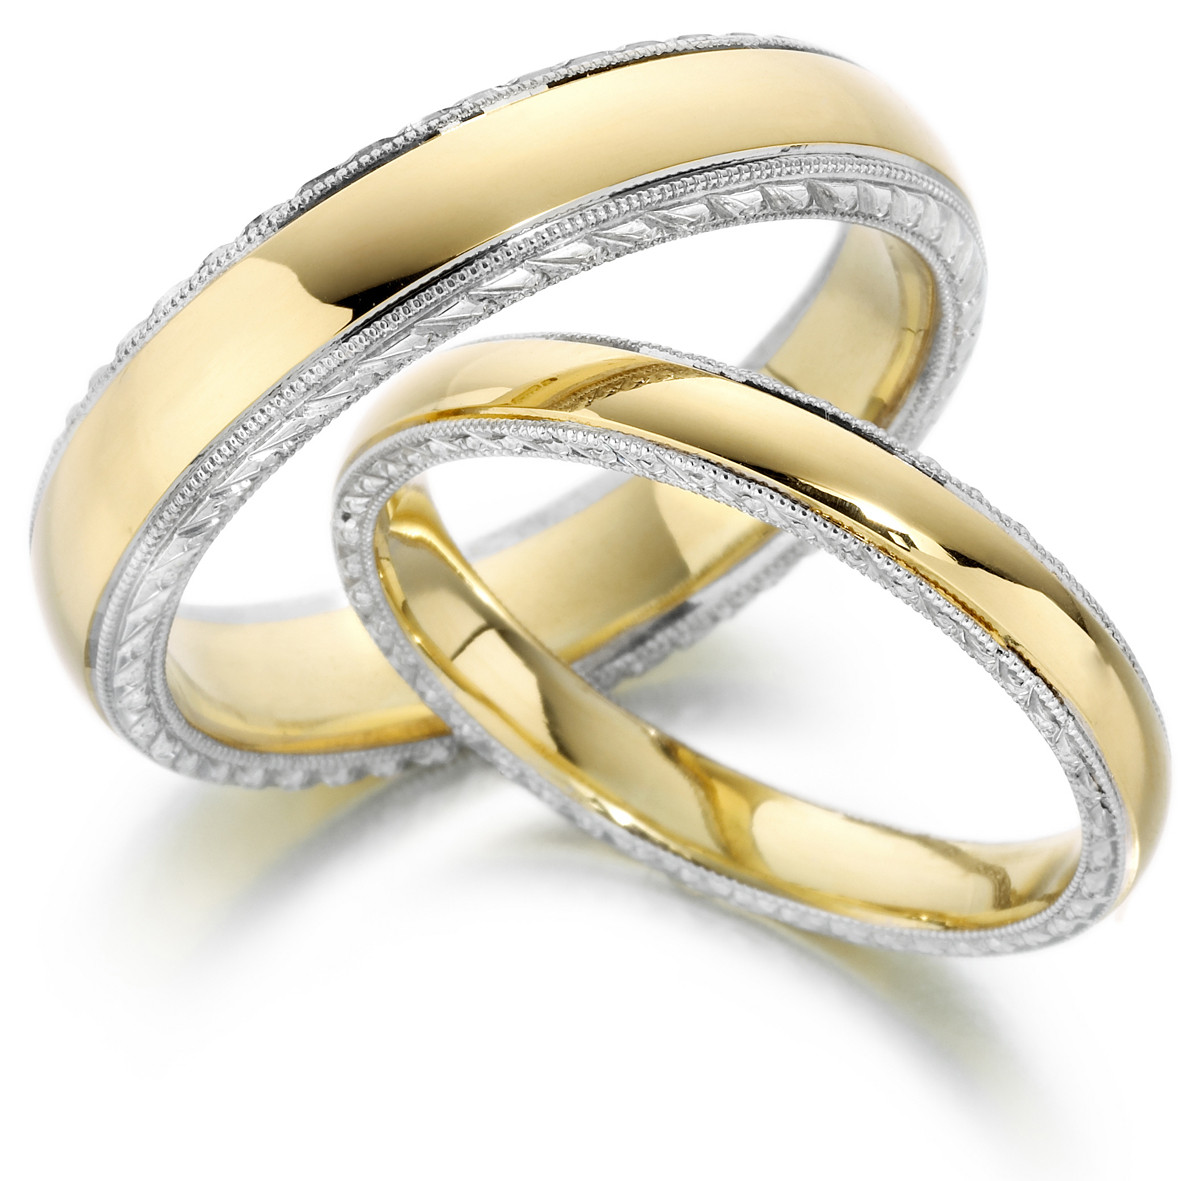 Picture Of Wedding Rings
 I am now an official supplier for Charles Green wedding
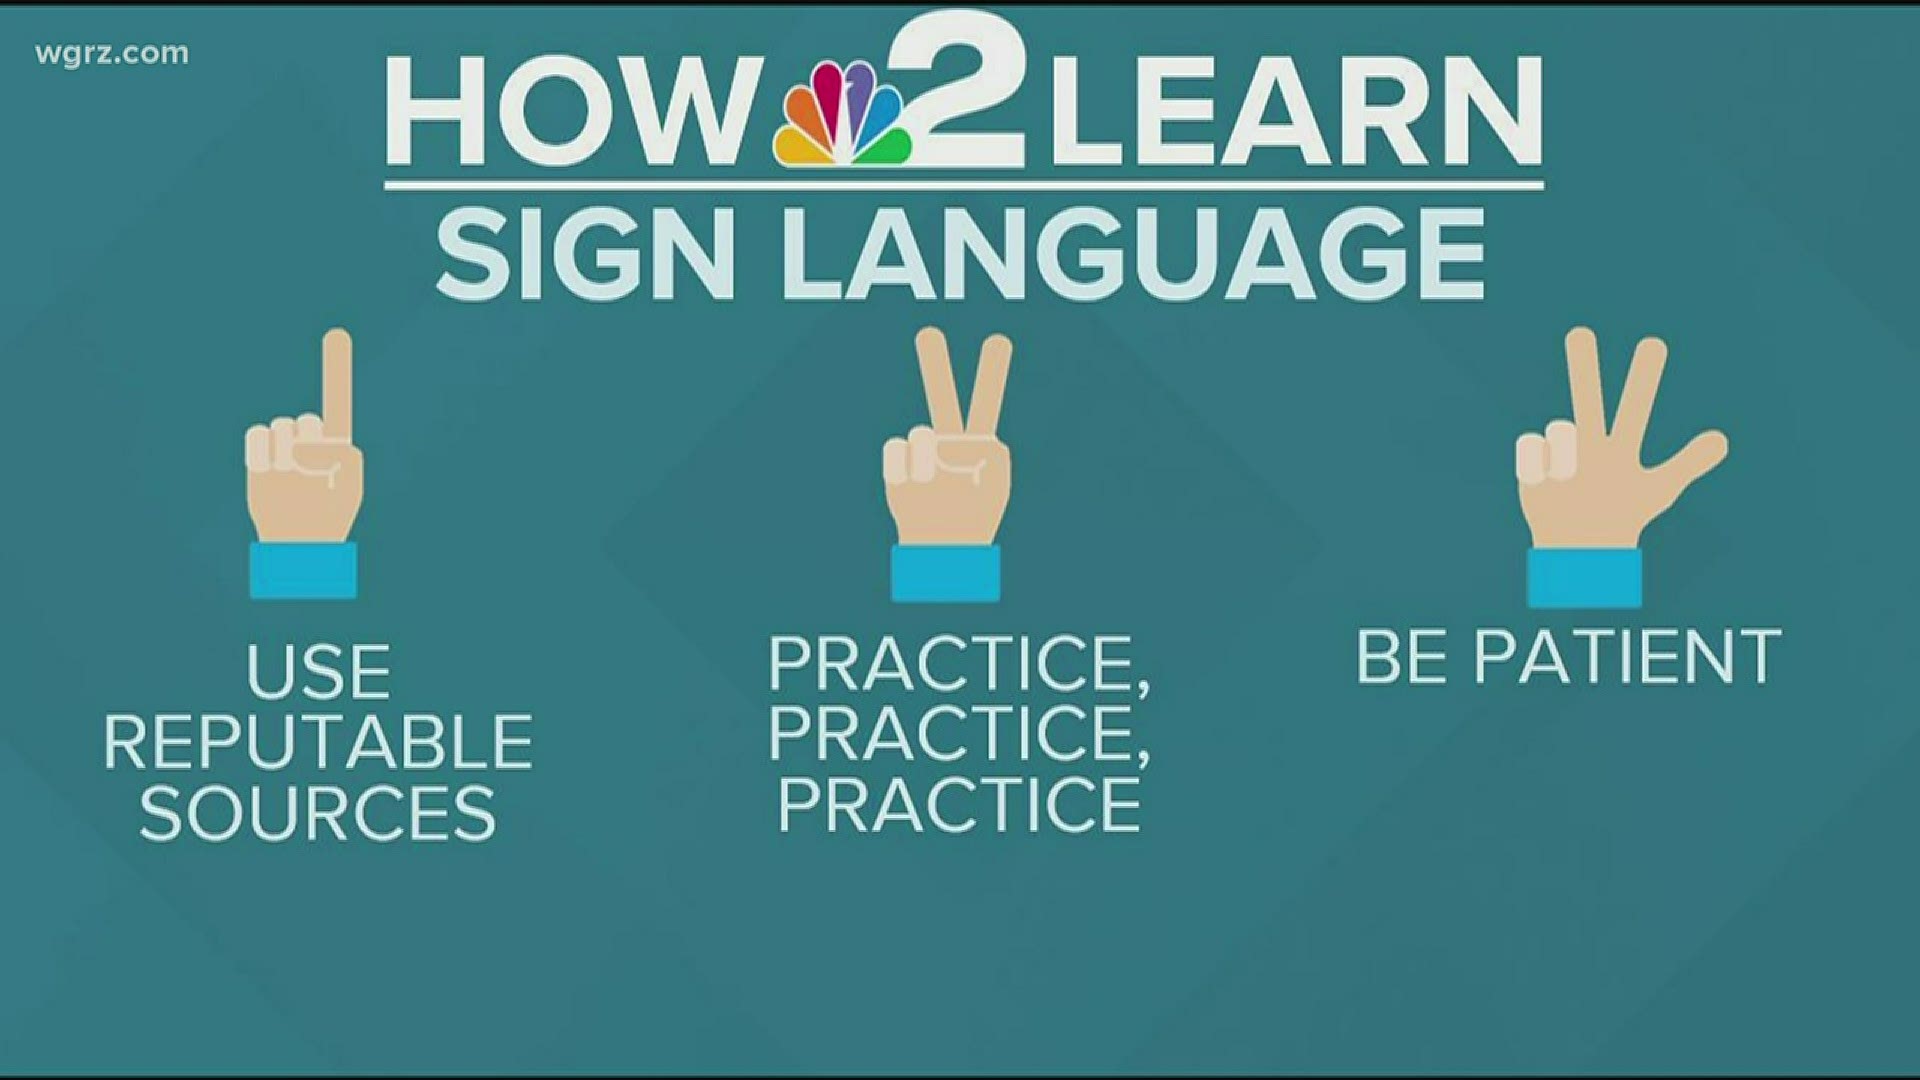 Many 2 On Your Side viewers told us they were interested in learning American Sign Language.
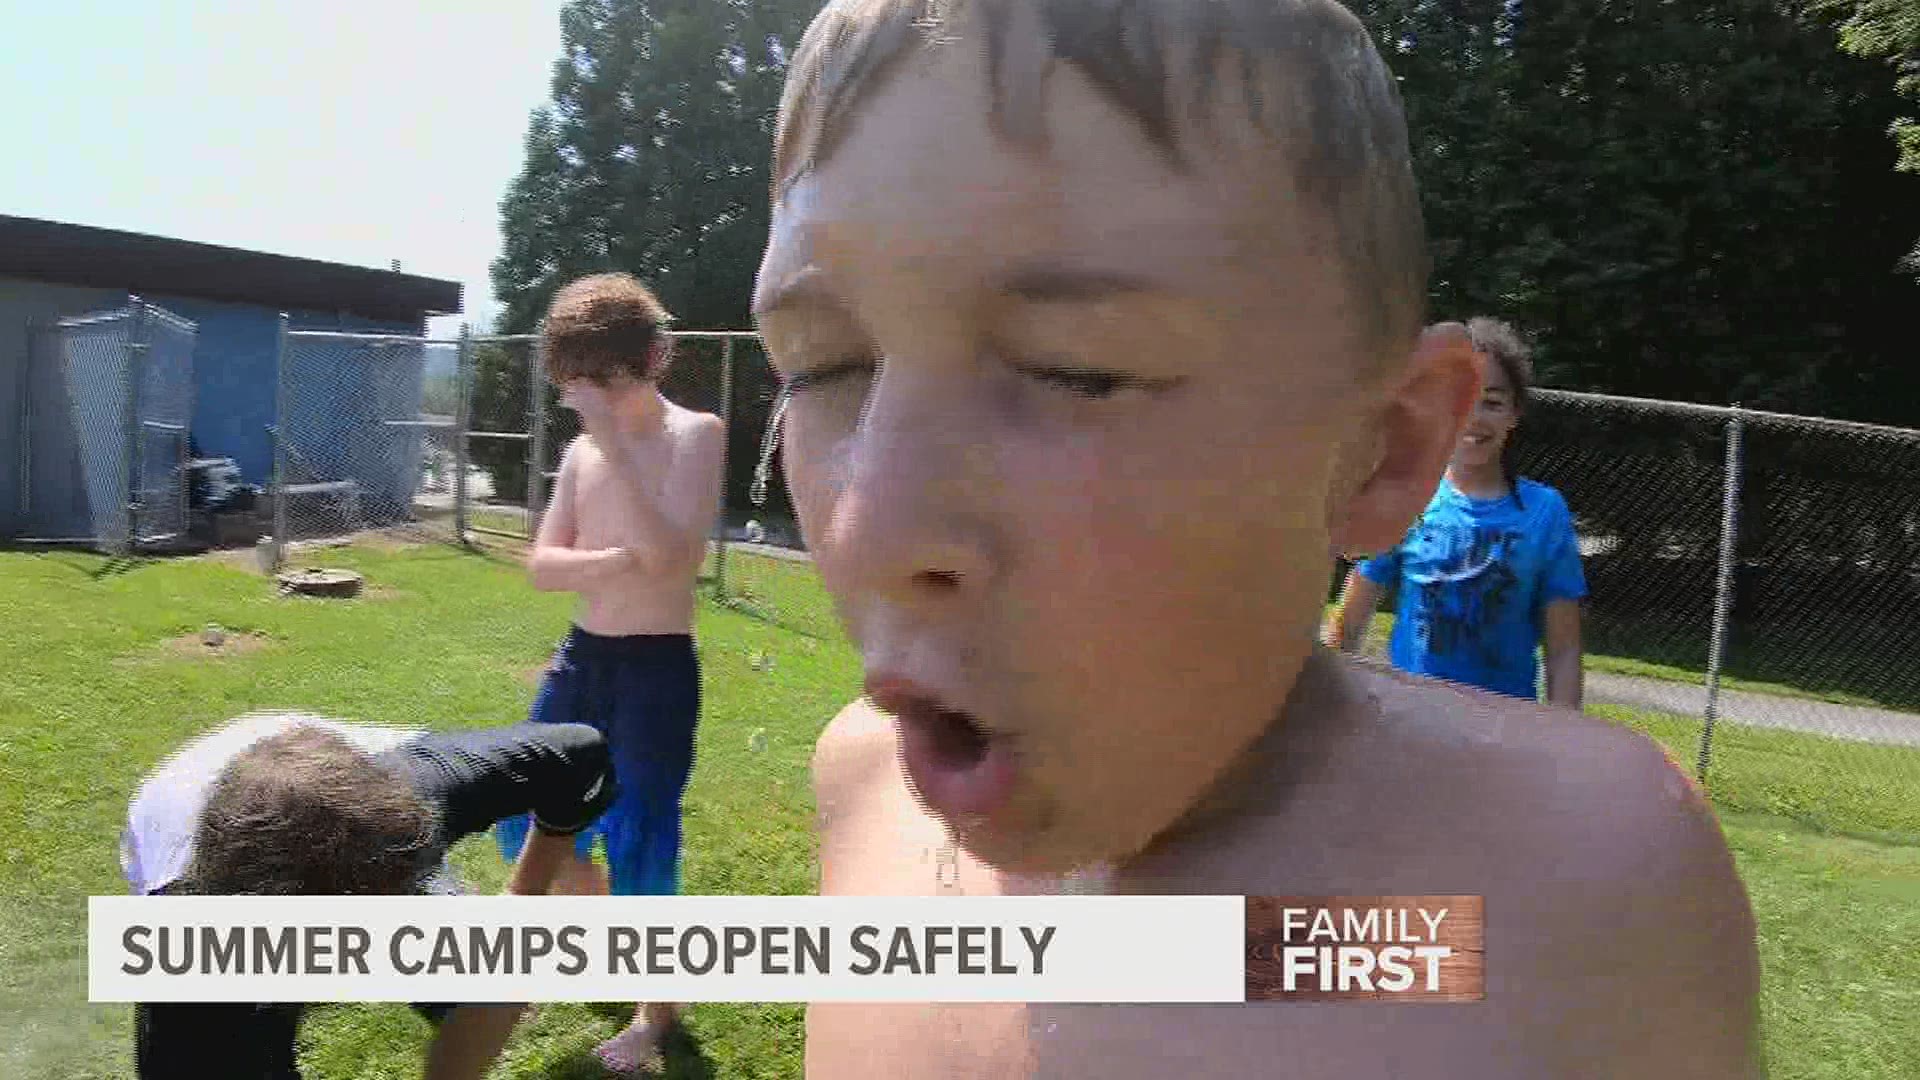 After a year away due to the pandemic, many camps are reopening this season with CDC-recommended mitigation efforts in place to keep children safe.
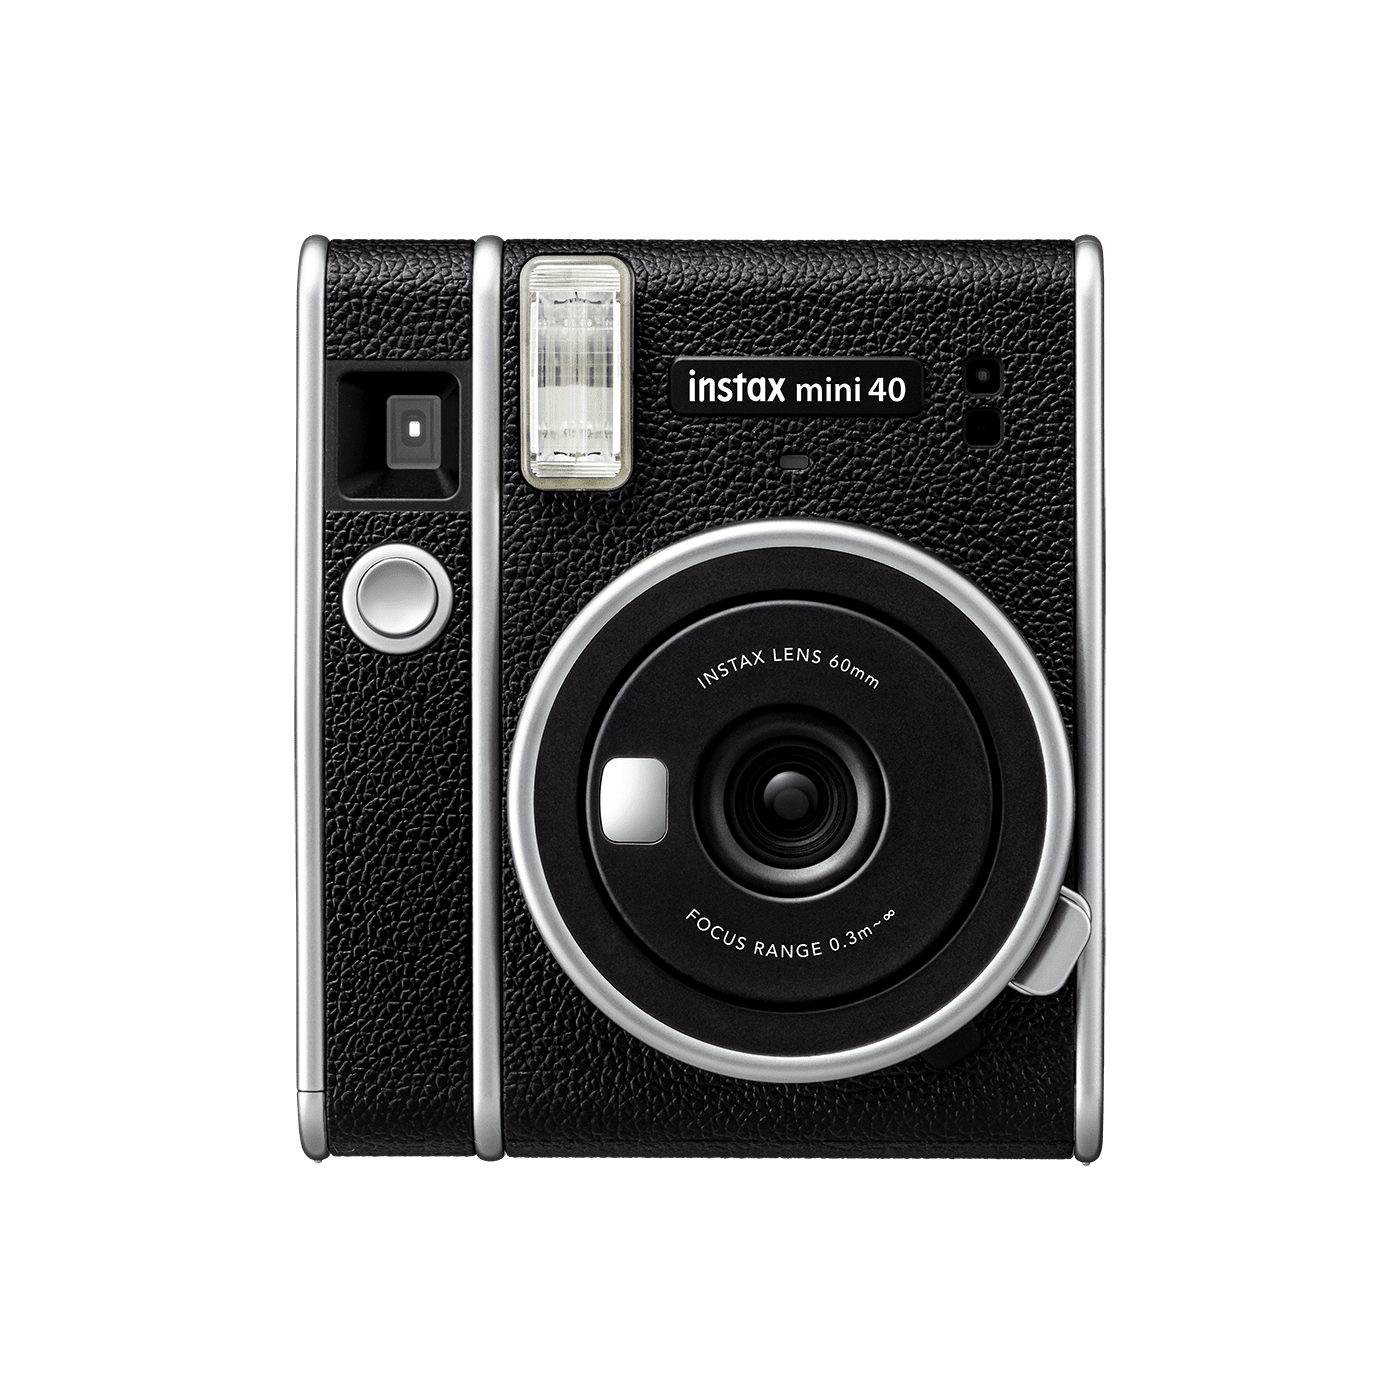 Instax Square SQ40 vs Instax Mini 40: What's the difference?

┄┄┄┄┄┄┄┄┄┄

**Assignment**
Begin at the line containing "After a year" and copy every line through the end of the data above exactly, omitting the pictures.

**Exercise response**
 After a year away due to the pandemic, many camps are reopening this season with CDC-recommended mitigation efforts in place to keep children safe.
 Instax Square SQ40 vs Instax Mini 40: What's the difference?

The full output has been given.